Now we stand at another moment of change and choice, and another time to be farsighted, to bring America 50 more years of security and prosperity.

In this endeavor, our first task is to help to build for the very first time an undivided, democratic Europe. When Europe is stable, prosperous, and at peace, America is more secure.

To that end, we must expand NATO by 1999, so that countries that were once our adversaries can become our allies. At the special NATO summit this summer, that is what we will begin to do. We must strengthen NATO’s Partnership for Peace with non-member allies. And we must build a stable partnership between NATO and a democratic Russia.

An expanded NATO is good for America, and a Europe in which all democracies define their future not in terms of what they can do to each other, but in terms of what they can do together for the good of all--that kind of Europe is good for America.

Second, America must look to the East no less than to the West.

Our security demands it. Americans fought three wars in Asia in this century.

Our prosperity requires it. More than 2 million American jobs depend upon trade with Asia. There, too, we are helping to shape an Asia Pacific community of cooperation, not conflict.

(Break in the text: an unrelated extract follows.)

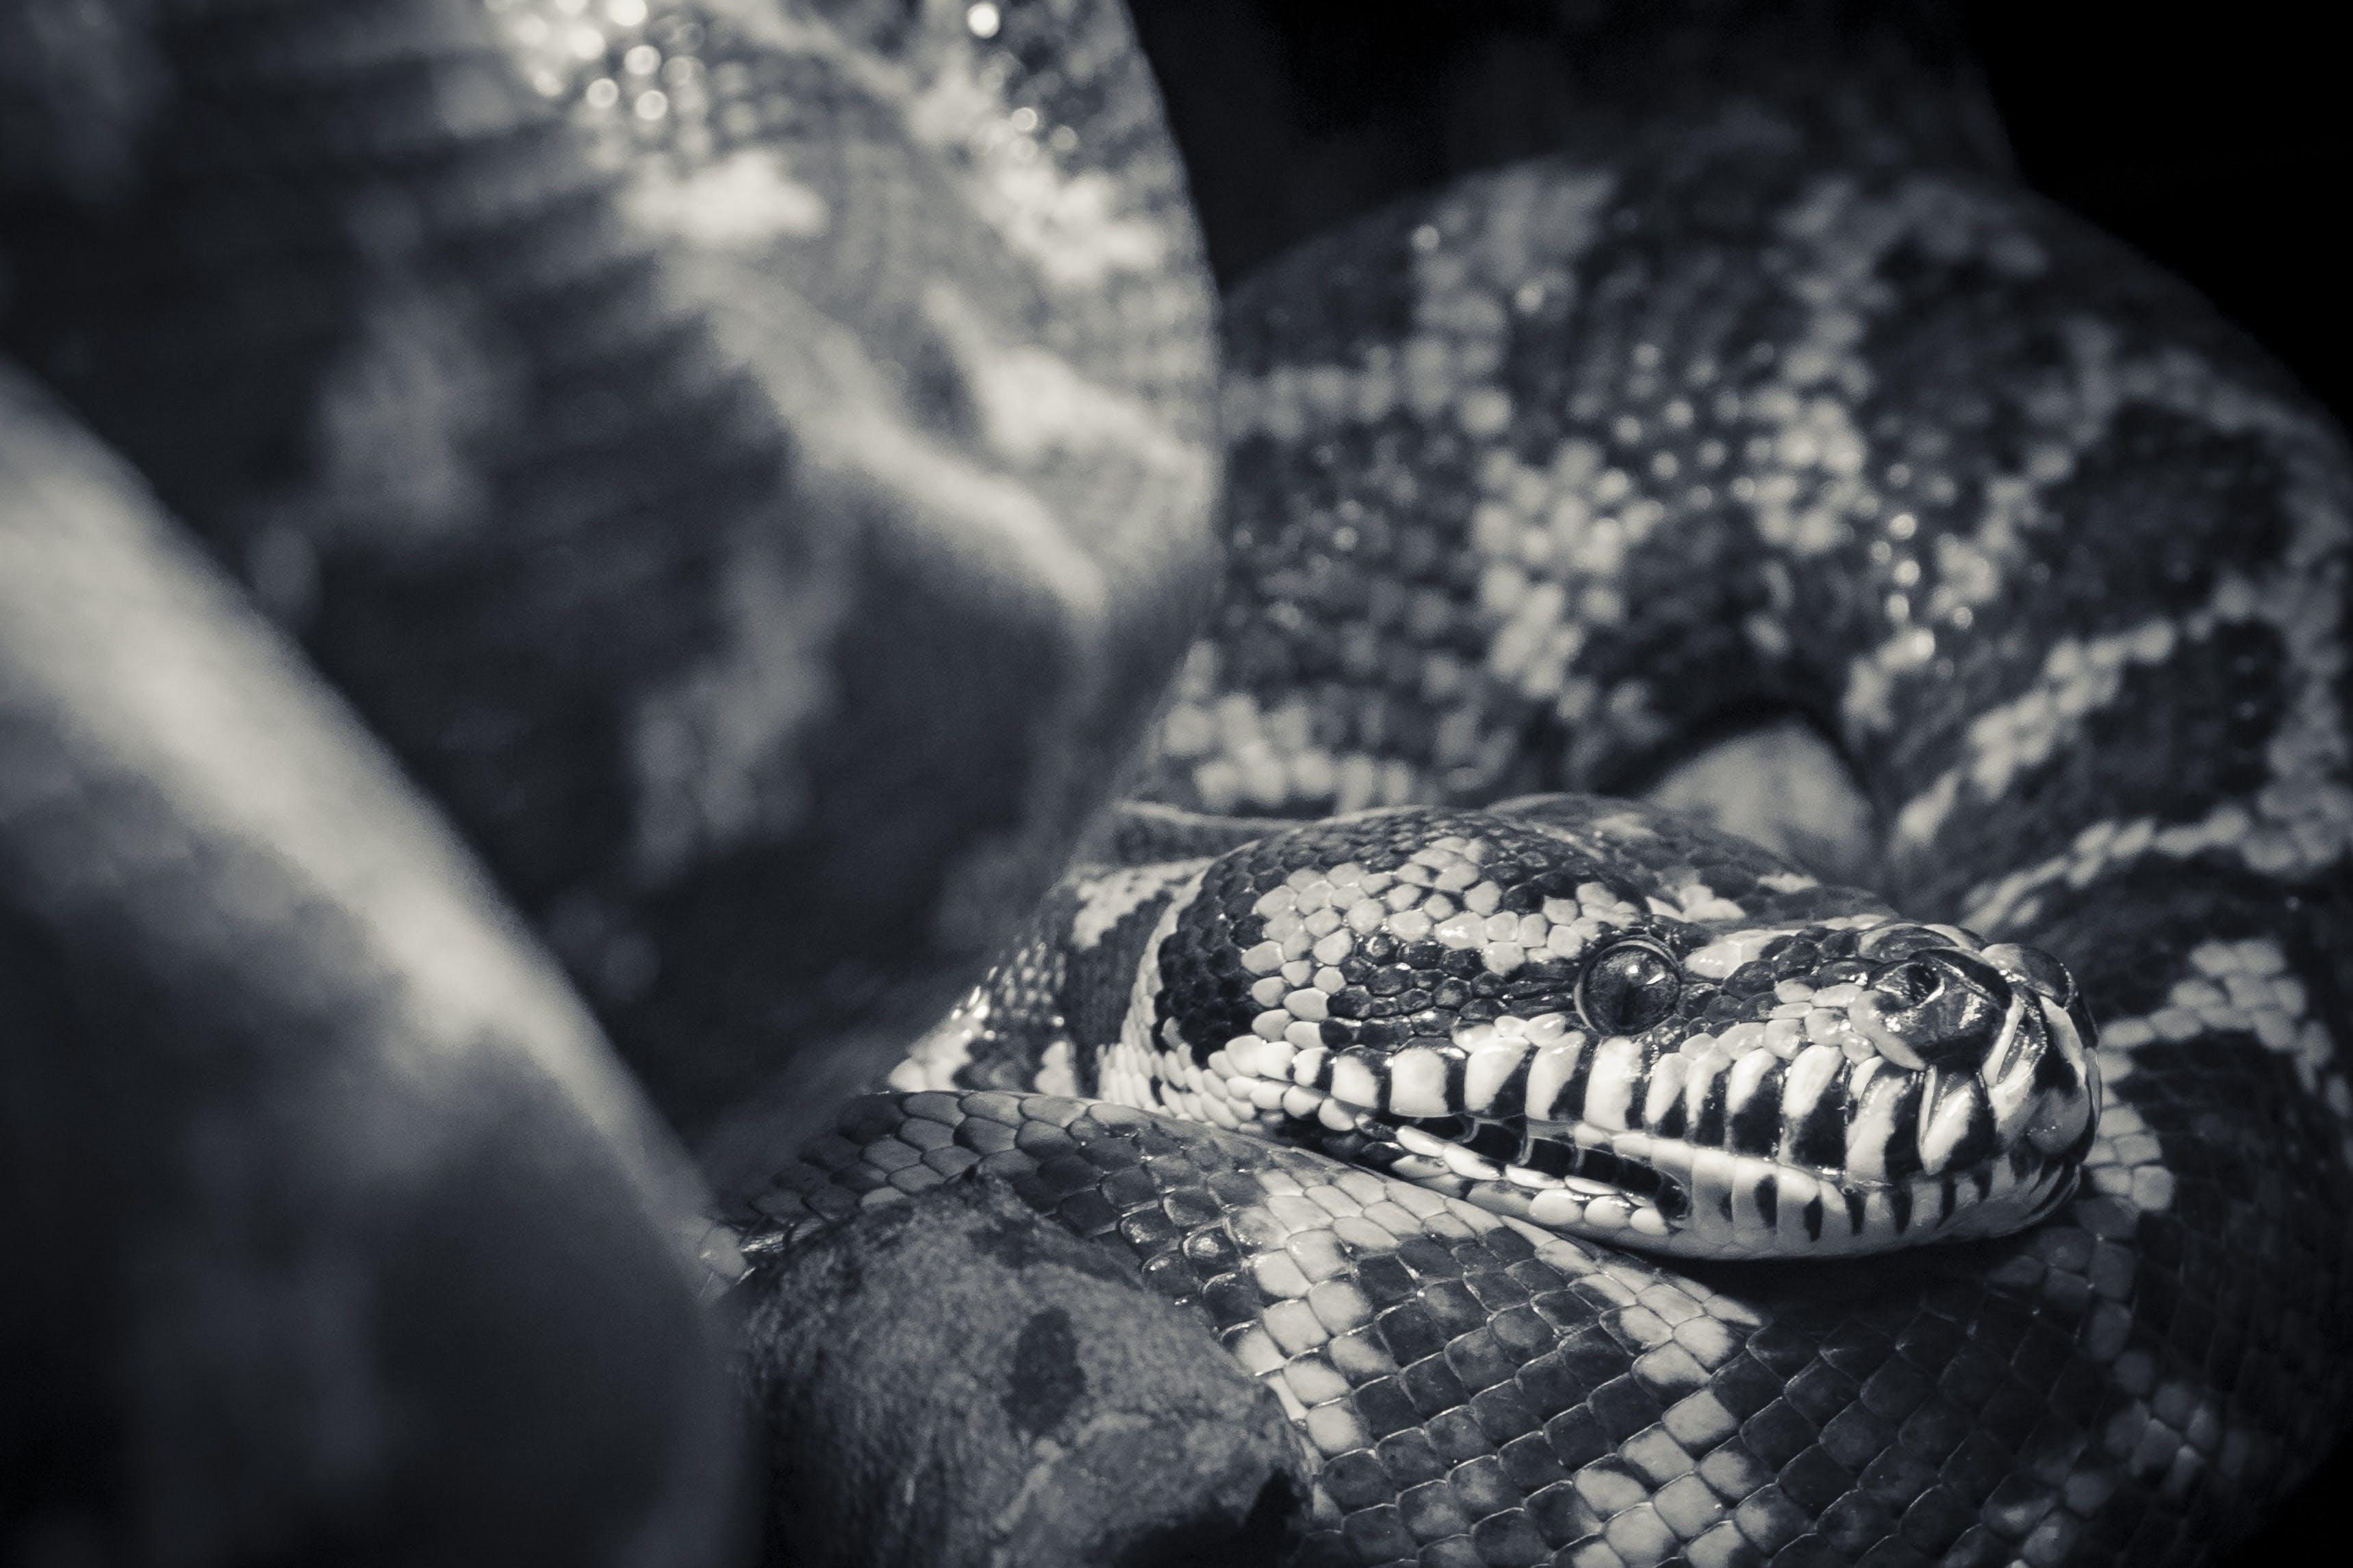 Free stock photo of animal, black and white, close up, eyes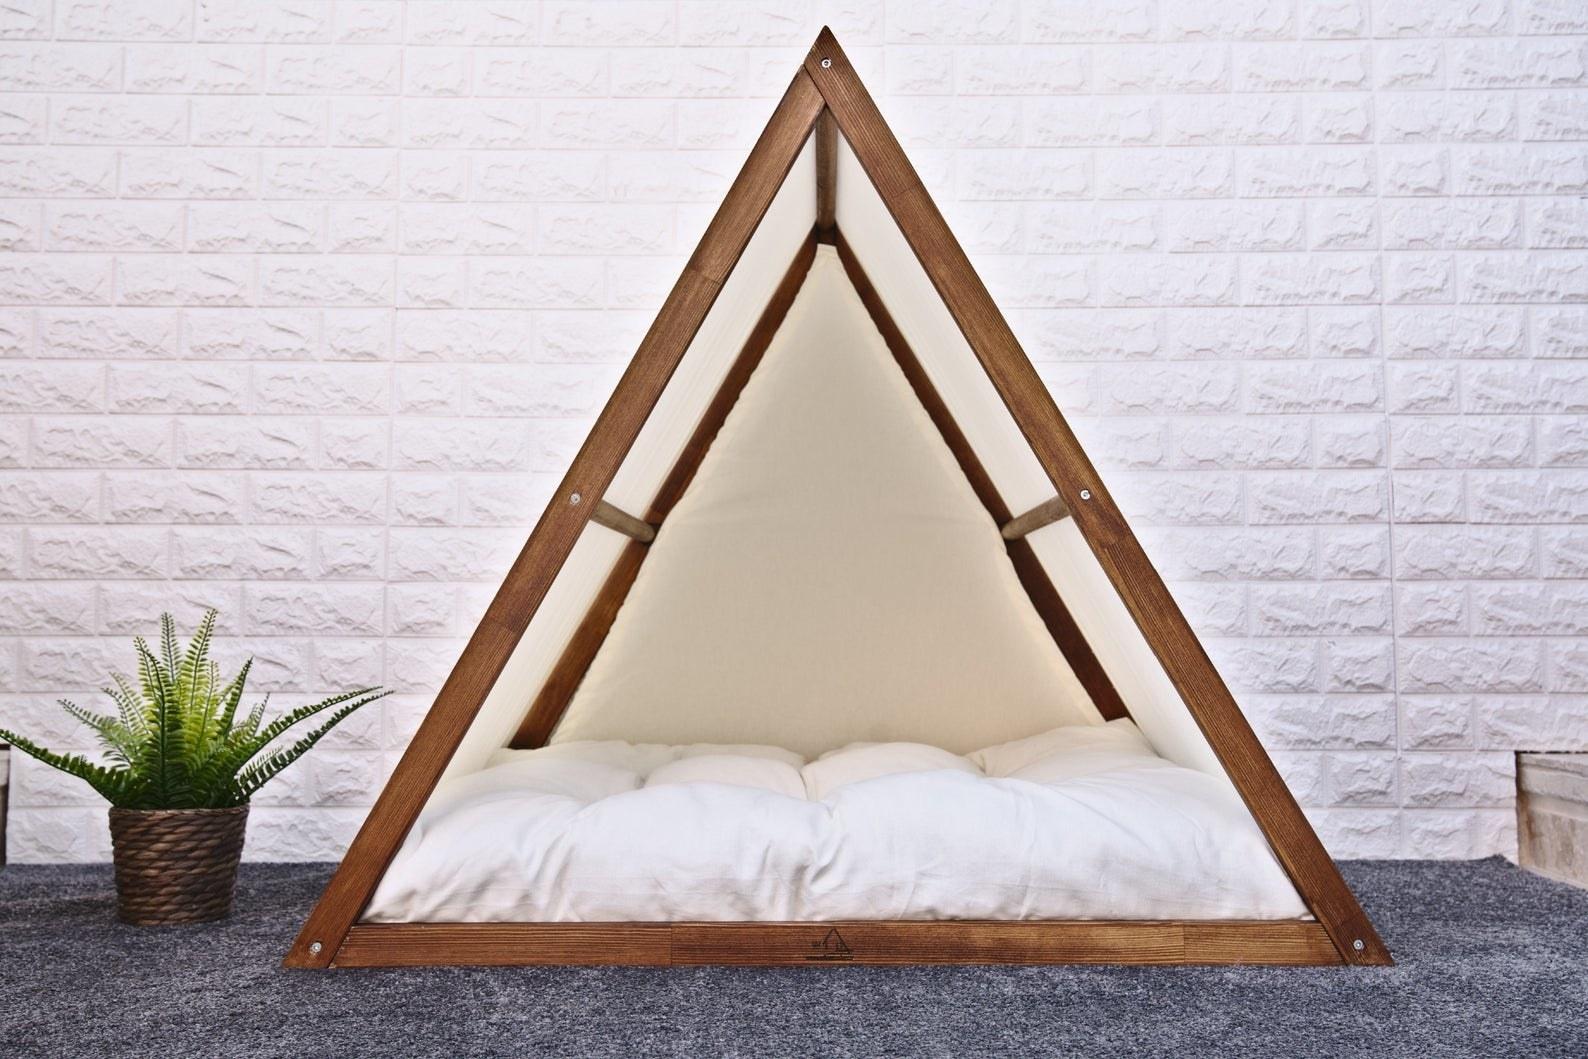 a triangular walnut dog house with a white cushion inside

Let our--let our progress there not mask the peril that remains. Together with South Korea, we must advance peace talks with North Korea and bridge the Cold War’s last divide. And I call on Congress to fund our share of the agreement under which North Korea must continue to freeze and then dismantle its nuclear weapons program.

We must pursue a deeper dialogue with China for the sake of our interests and our ideals. An isolated China is not good for America. A China playing its proper role in the world is. I will go to China, and I have invited China’s president to come here, not because we agree on everything, but because engaging China is the best way to work on our common challenges, like ending nuclear testing, and to deal frankly with our fundamental differences, like human rights.

The American people must prosper in the global economy. We’ve worked hard to tear down trade barriers abroad so that we can create good jobs at home. I’m proud to say that today America is once again the most competitive nation and the No. 1 exporter in the world.